The Treasury further explains that as consumers increasingly use digital assets for payments, individuals may wish to use mixers to protect sensitive information such as personal wealth, business payments, or charitable donations from exposure on public blockchains.
This shift in stance is significant—the same Department of the Treasury’s Office of Foreign Assets Control (OFAC) sanctioned Tornado Cash in 2022, only lifting the sanctions in March 2025.
In addition to recognizing the legitimacy of mixers, the report proposes several legislative measures.
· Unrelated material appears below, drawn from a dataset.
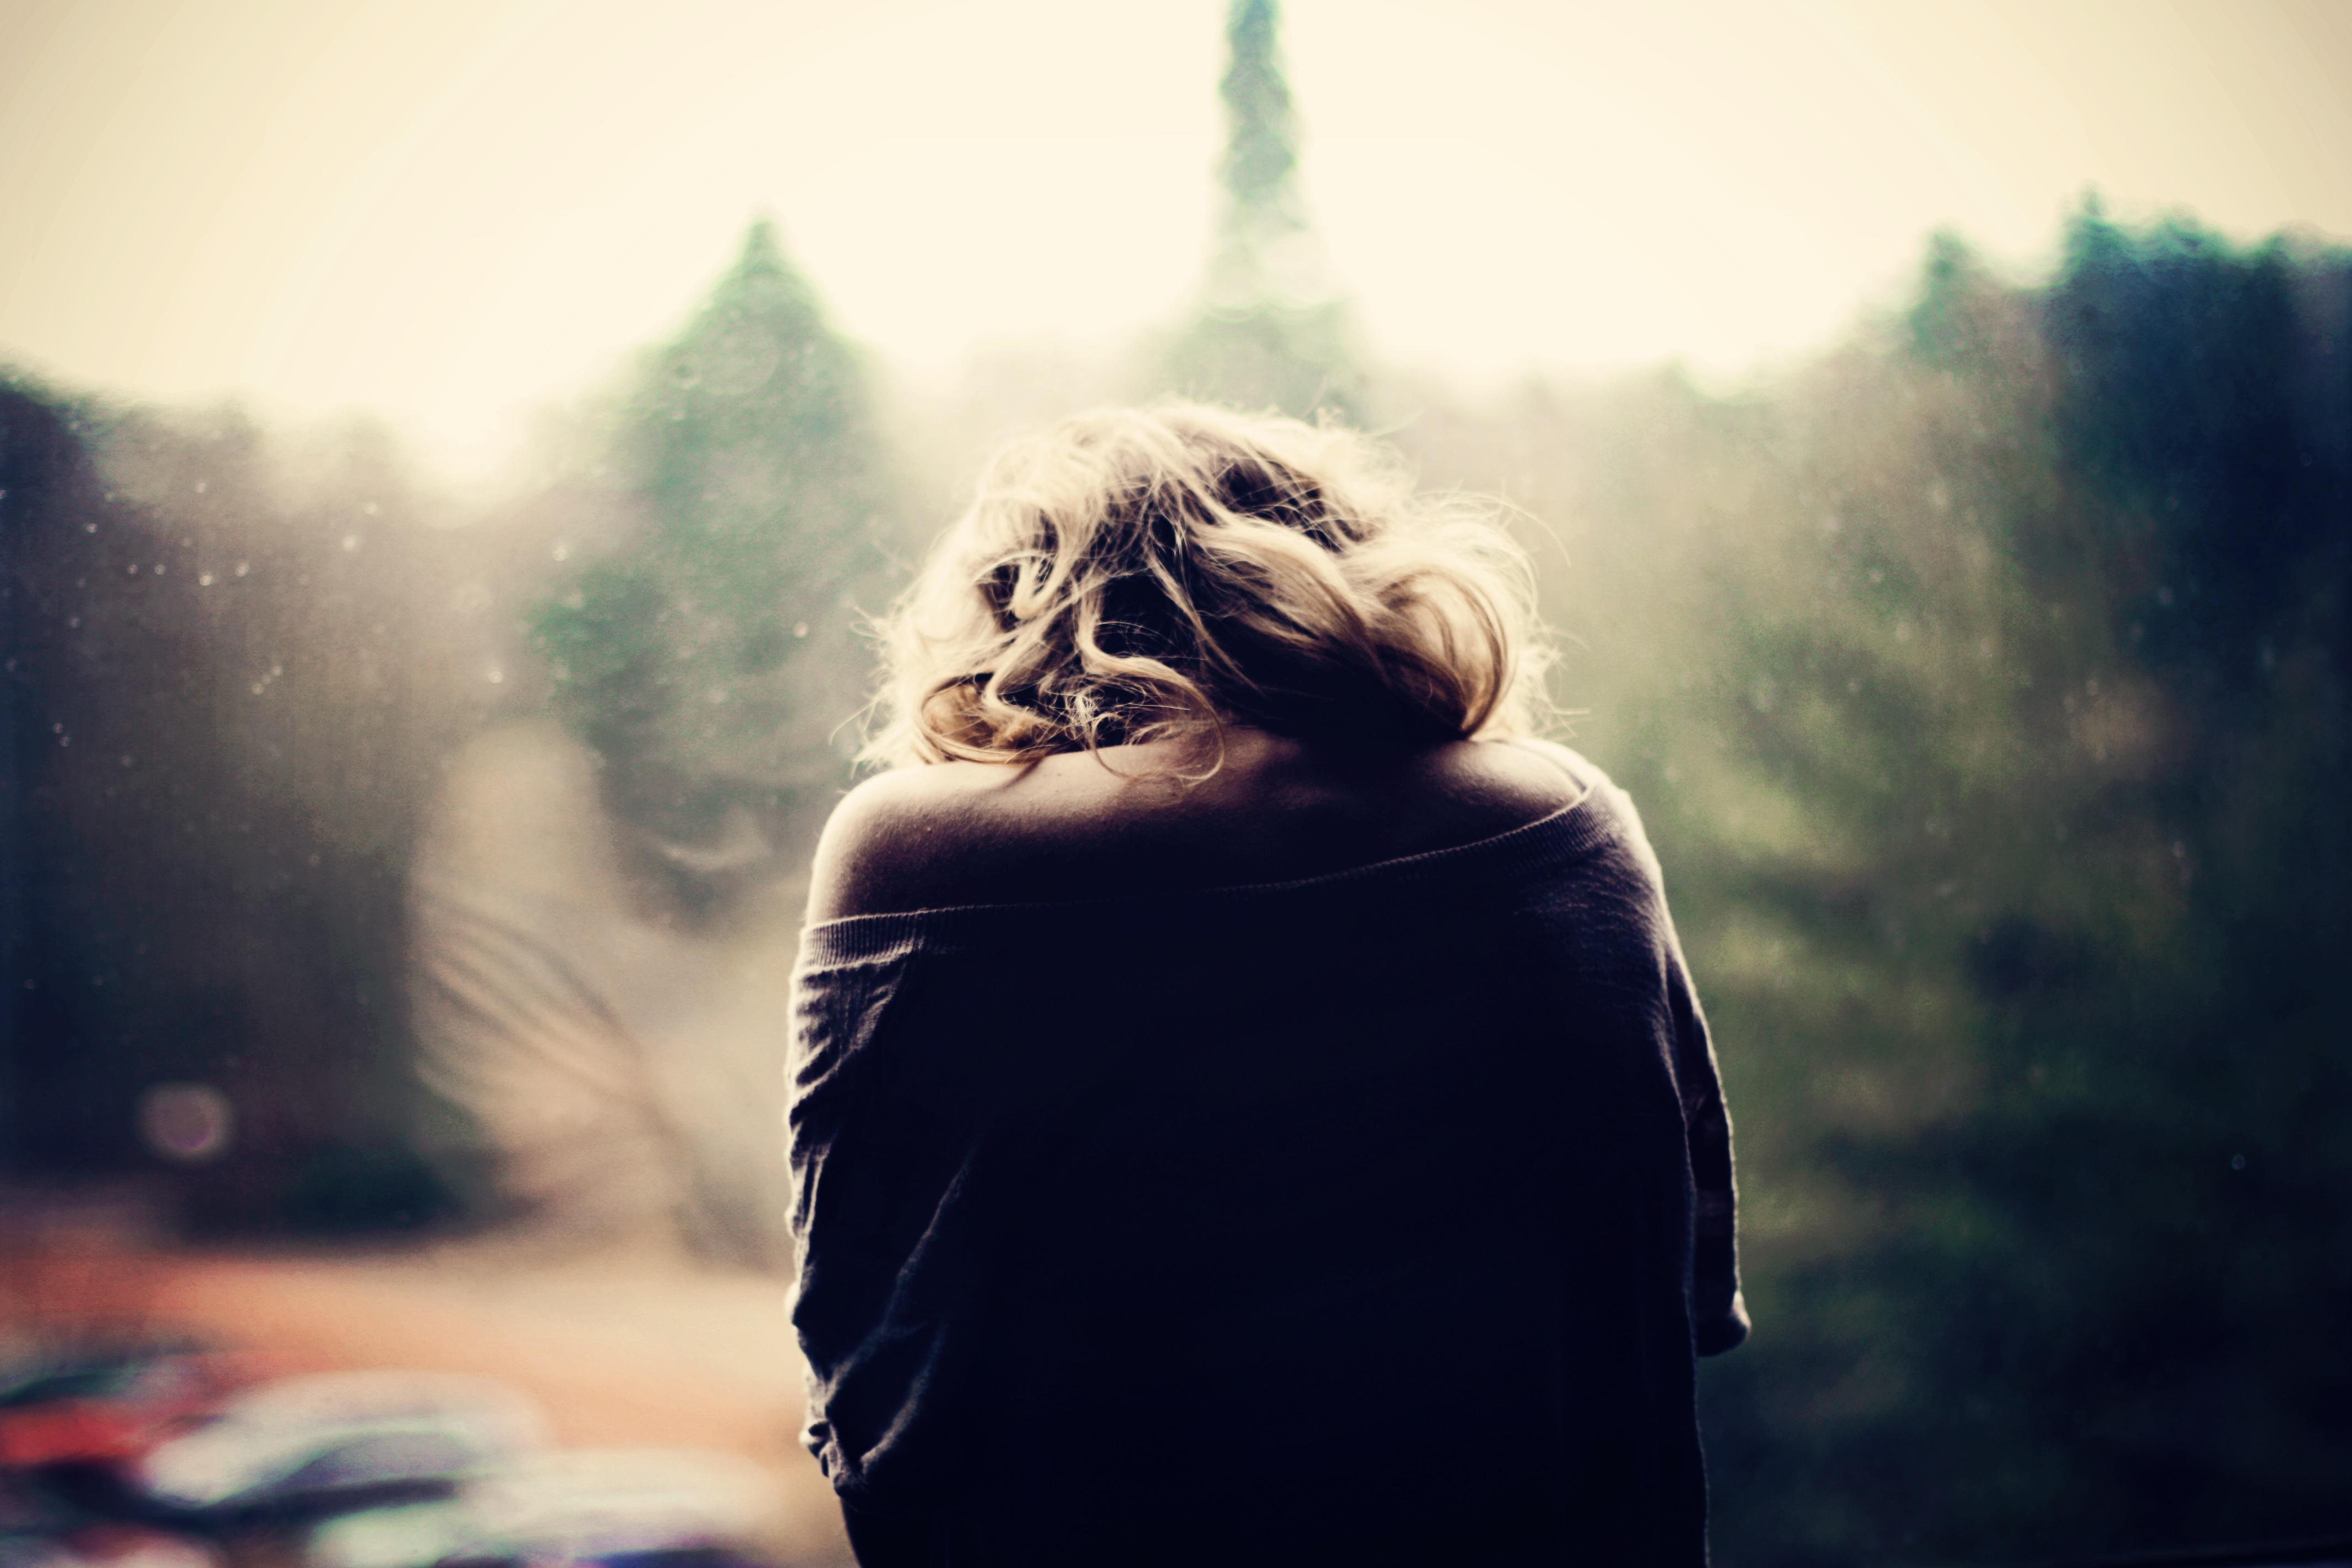 Σ' αγάπησα, που να πάρει, μα εσένα ούτε που σ' ένοιαξε.

The most notable is calling for the creation of a dedicated “Freezing Law” for digital assets, providing a safe harbor for financial institutions to temporarily freeze suspicious assets during short-term investigations.
The report states that this mechanism “is especially useful for combating illegal financial activities involving permissioned stablecoins.” It also urges Congress to clearly define which DeFi participants should be subject to AML/CFT obligations.
While acknowledging the legitimate uses of mixers, the Treasury expresses concern over non-custodial, decentralized mixers. The report notes that such services are often used for money laundering and sanctions evasion, including by North Korea-linked hacking groups that extensively use decentralized services to transfer illicit gains.
The report suggests that custodial mixers (centralized services that temporarily hold user funds) can provide identifying information to help trace transaction flows; however, non-custodial mixers operate without intermediaries, making it impossible to collect user identities or respond to law enforcement requests.
On-chain privacy has become a highly contentious issue by 2025, with U.S. lawmakers pushing for stricter KYC requirements for digital asset service providers and DeFi platforms. Paradigm policy vice president Alexander Grieve has pointed out that current regulations do not sufficiently protect open-source software developers.
Regarding Tornado Cash, although sanctions have been lifted, co-founder Roman Storm still faces criminal charges related to unlicensed remittances. This case highlights a fundamental legal dilemma: should developers who create open-source privacy tools be held responsible for others’ illegal uses?